Search for a command to run...

Timestamps are as accurate as they can be but may be slightly off. We encourage you to listen to the full context.
In this engaging conversation, Nick Joseph, Head of Pre-training at Anthropic, provides an insider's perspective on the evolution of AI training and the future of artificial general intelligence. From his early days at Vicarious and OpenAI to leading one of the most critical teams in AI development, Nick shares candid insights about the technical challenges, strategic decisions, and philosophical considerations that shape modern AI systems. (03:03) The discussion covers the fundamentals of pre-training, the surprising dominance of next-token prediction over other approaches, and how Anthropic operates at unprecedented scales with distributed systems spanning thousands of GPUs.
Nick Joseph is the Head of Pre-training at Anthropic, where he leads the team responsible for training large language models like Claude. Before joining Anthropic at its founding, he worked at OpenAI on safety teams and code models, and previously at Vicarious working on computer vision for robotics products. His journey into AI began through an economics background and concerns about AI safety after an internship at GiveWell, leading him to focus on the technical challenges of scaling AI systems rather than pursuing traditional academic routes.
Nick emphasizes that the bottleneck in AI progress isn't theoretical breakthroughs but engineering execution. (52:37) As he puts it, "Almost all is. Throughout the entire history of this field, it's the case that you throw more compute, the thing kinda works. The challenge is actually getting it correct isn't really an ML problem." The actual architectures are mathematically simple, but implementing them correctly at massive scale requires debugging skills across the entire technology stack - from high-level ML concepts down to network protocols and hardware failures. This insight challenges the common perception that AI teams need primarily PhD researchers, when in reality they need engineers who can solve extraordinarily complex distributed systems problems.
Despite the complexity of modern AI systems, Nick reveals that pre-training success still boils down to a single metric: driving down loss on next-token prediction. (19:23) He notes, "I think I'm still pushing down the exact same metric that I was on day one. There's like some loss function. Loss go down." This seemingly simple objective has proven remarkably robust across massive scaling efforts. While teams have grown more specialized and systems more complex, the fundamental goal remains unchanged, suggesting that this metric captures something fundamental about intelligence that scales predictably with compute and data.

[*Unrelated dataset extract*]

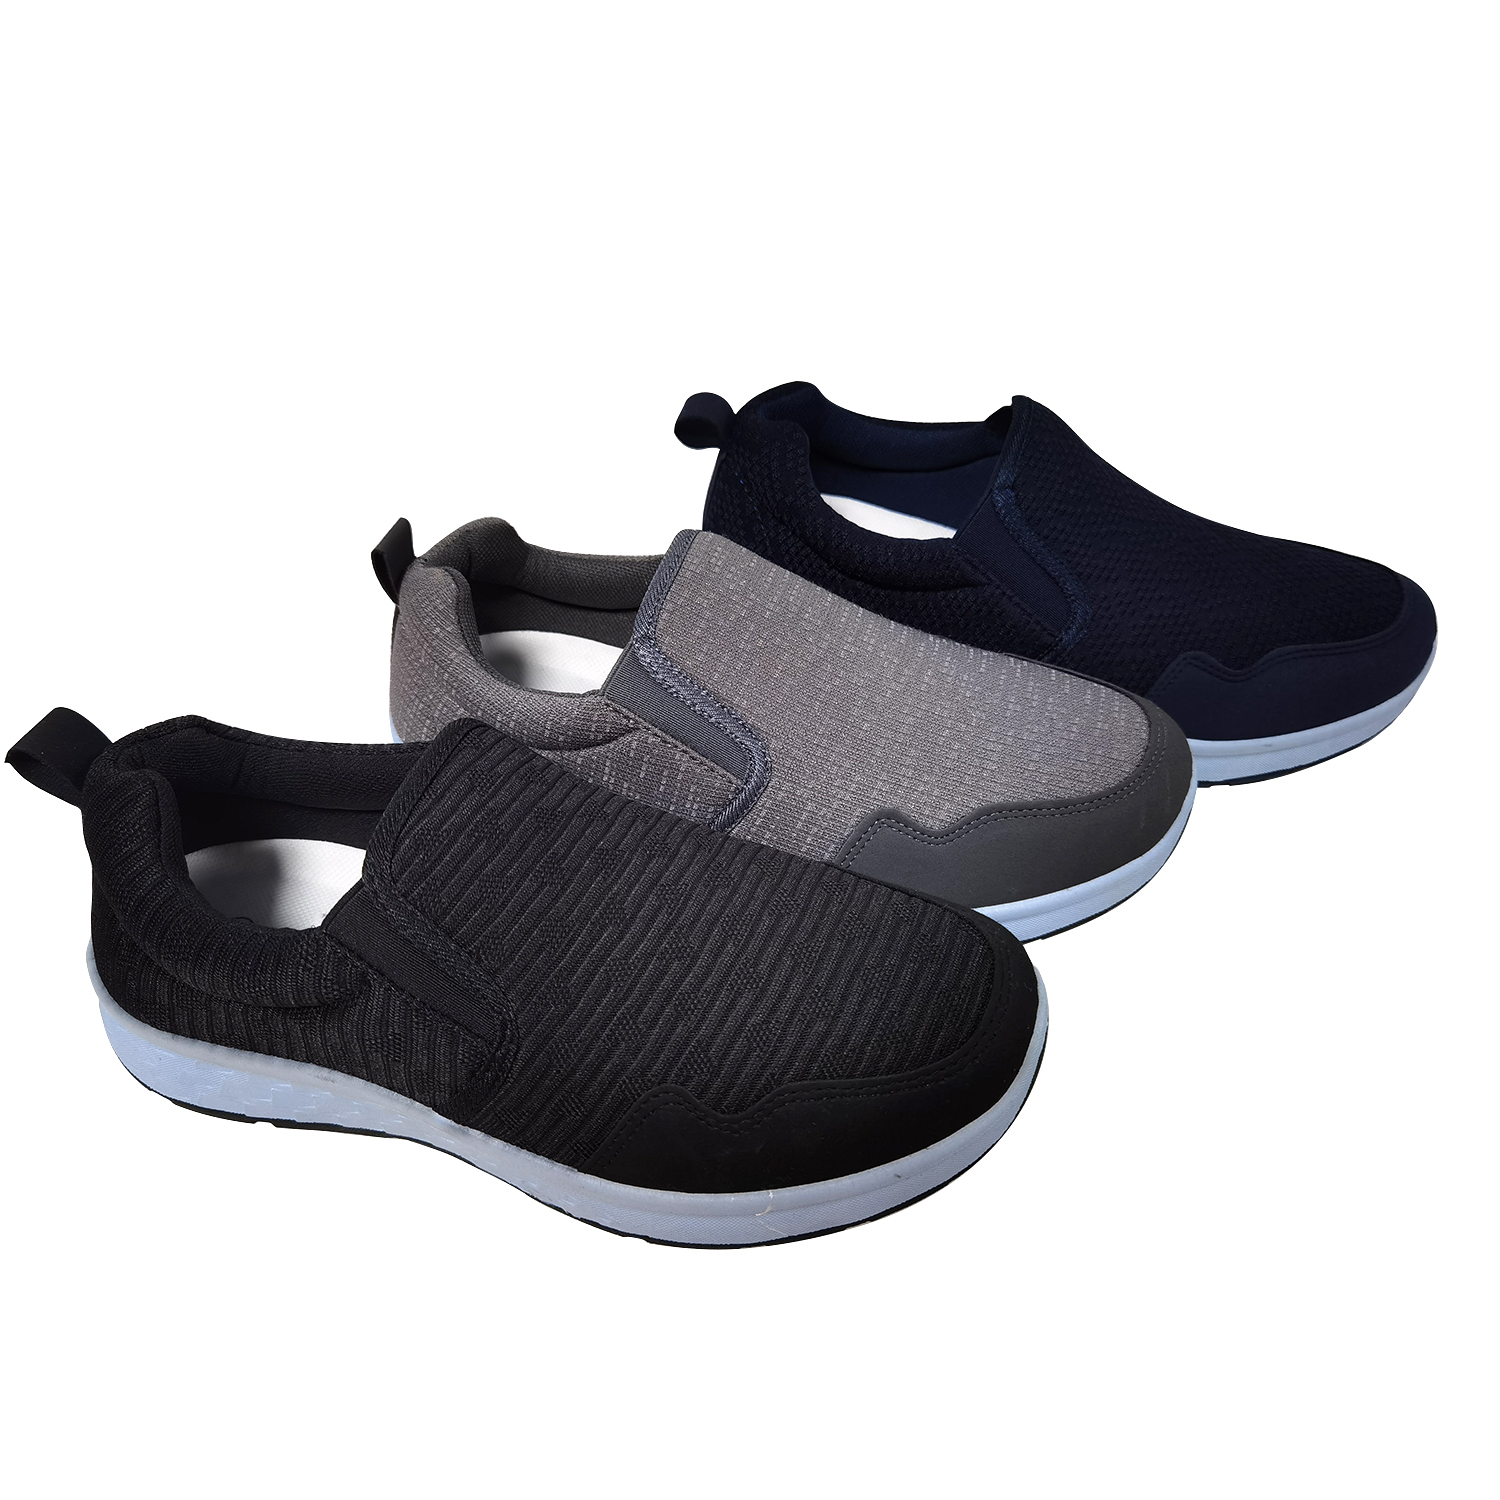 Men's Casual Shoes Slip On Walking Shoes
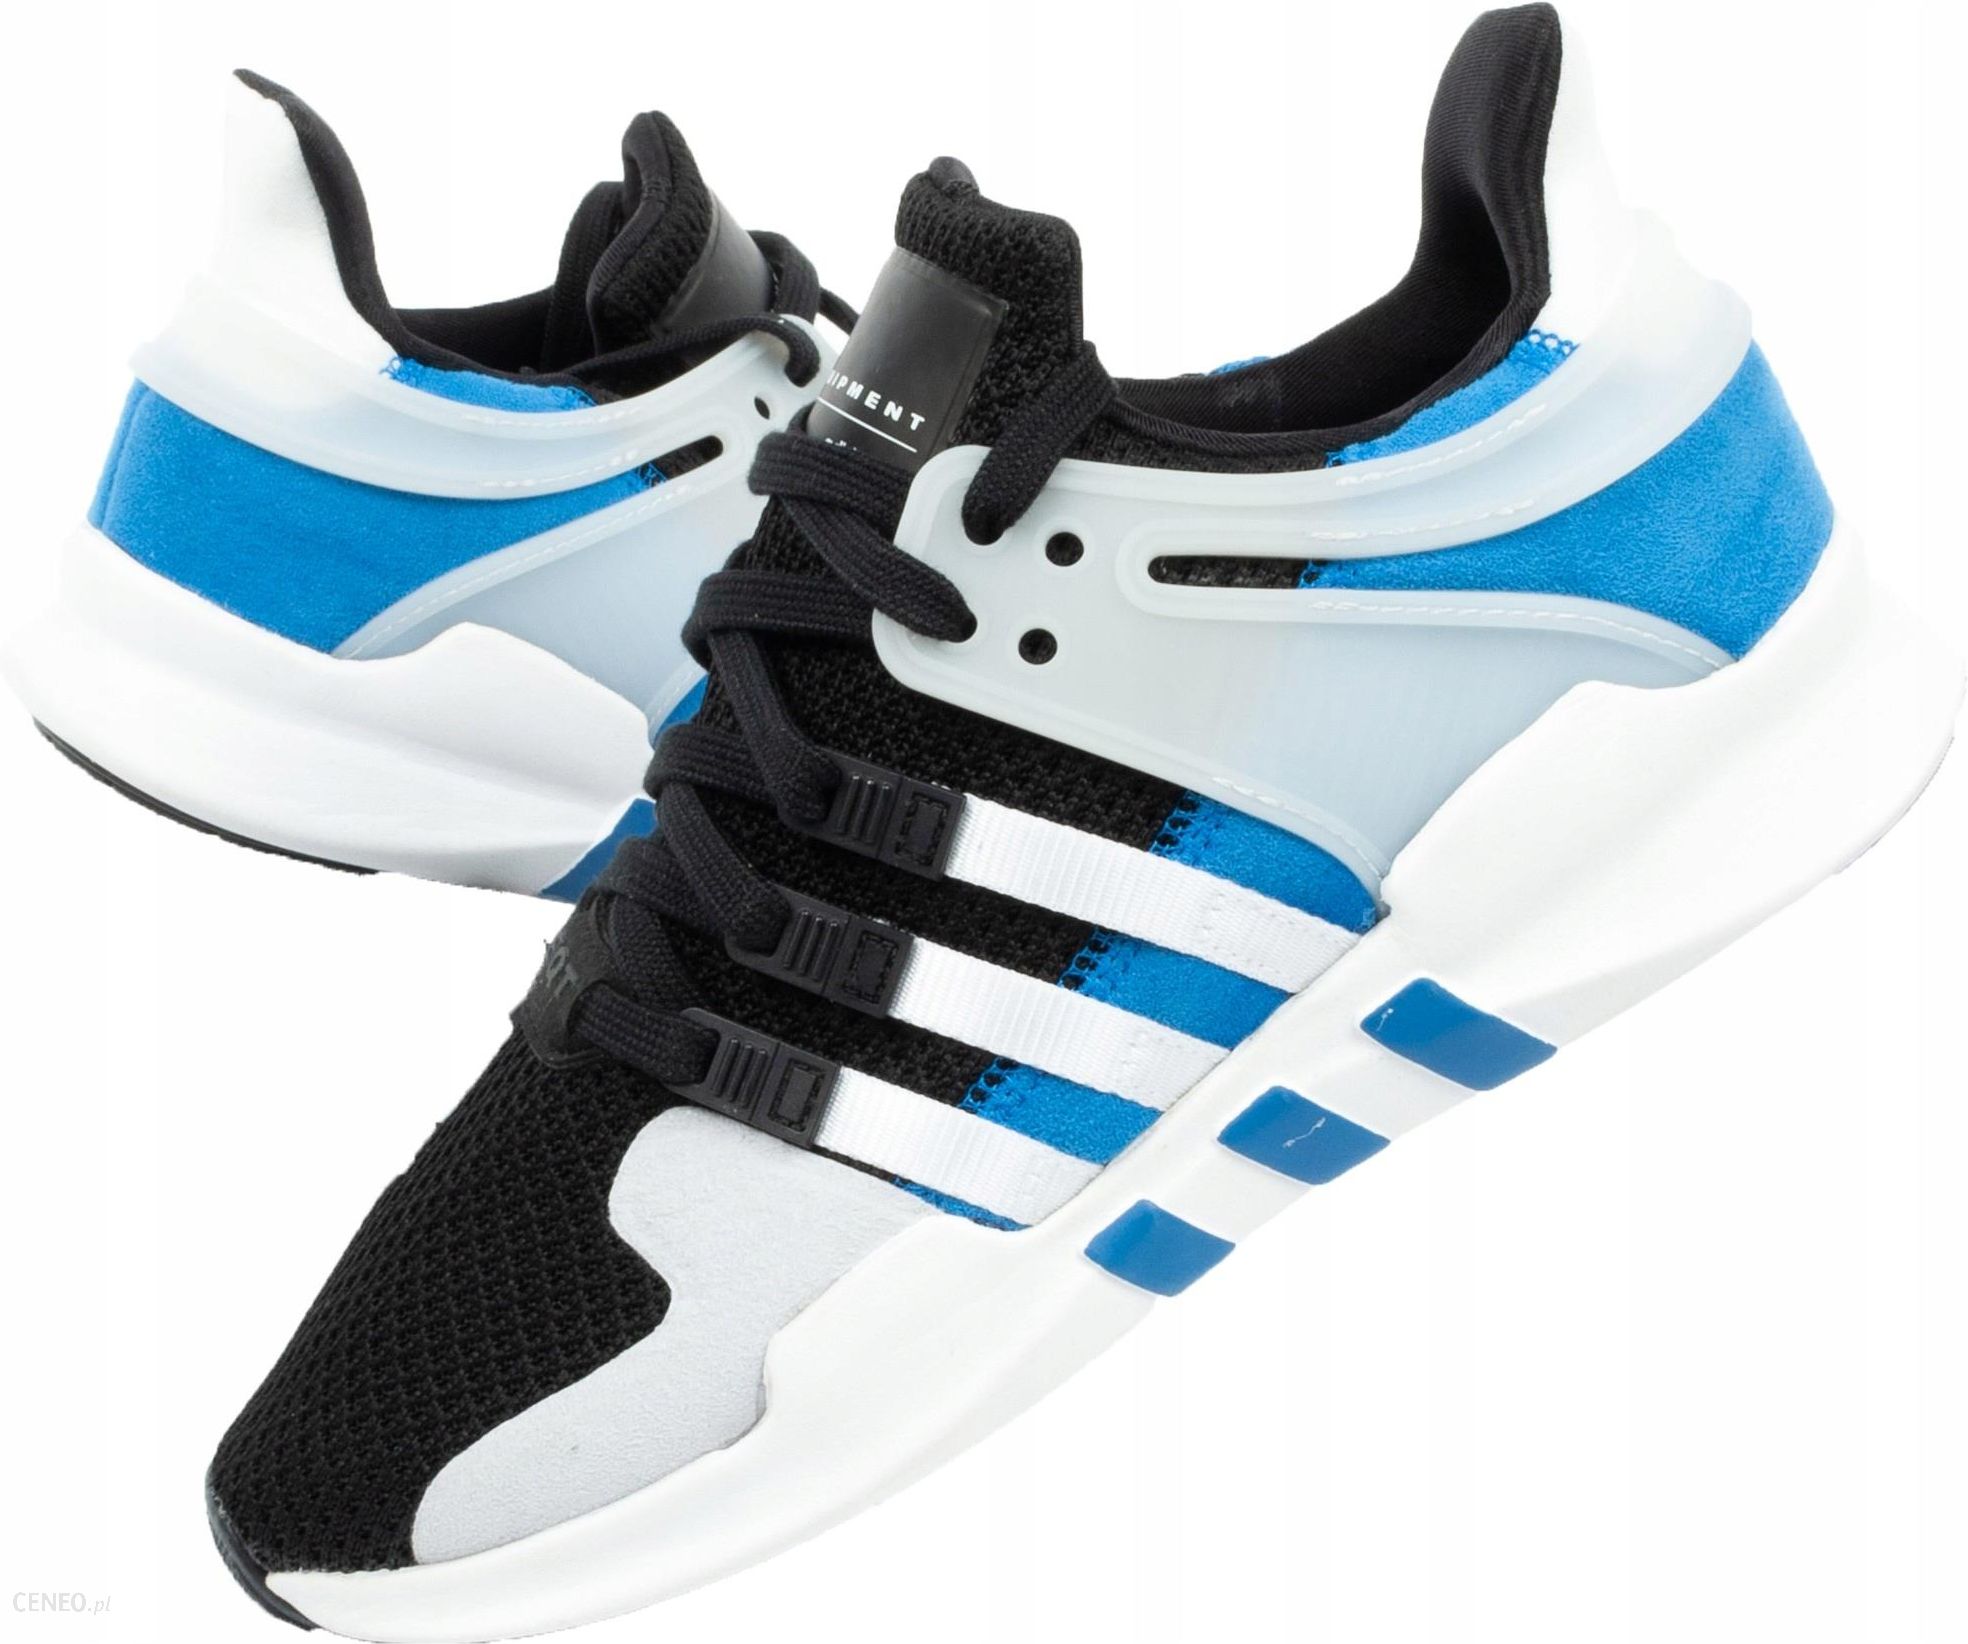 adidas eqt support adv pk by9583

One of Nick's most counterintuitive insights is that bugs, not theoretical problems, pose the greatest threat to AI progress. (48:46) He explains that "a single bug can derail you for months" because models take months to train, meaning you can "lose a whole generation off of something that just looks like, ah, you know, this piece of your code was incorrect." The challenge is compounded by the fact that traditional debugging approaches don't work at the scale of thousands of GPUs training for months. A subtle precision error deep in a kernel might only manifest after weeks of training, requiring engineers who can trace problems through tens of thousands of lines of code across multiple abstraction layers.
Nick provides fascinating insight into how scaling laws work in practice, describing them as "really a power law plus constant" where loss decreases predictably with increased compute until you "curve off that power law and then you know something is wrong." (08:53) This creates a unique debugging challenge - when performance deviates from expected scaling, it could indicate either a fundamental limit or a subtle implementation bug. The predictability of these laws has enabled strategic planning around compute allocation and has been central to Anthropic's approach of testing strategies at small scale before scaling up proportionally across data, model size, and training time.
While pre-training determines the model's fundamental capabilities, Nick explains that post-training is where teams can rapidly iterate on model personality and alignment. (45:19) The key advantage is speed: "your iteration, like the ability to make progress, is really fast. You can try something, you can try it again, you can try it again" in hours rather than months. This separation allows teams to de-risk behavioral changes before potentially incorporating them into expensive pre-training runs. However, some alignment properties may eventually need to be integrated into pre-training for greater robustness, creating an ongoing strategic tension between flexibility and stability.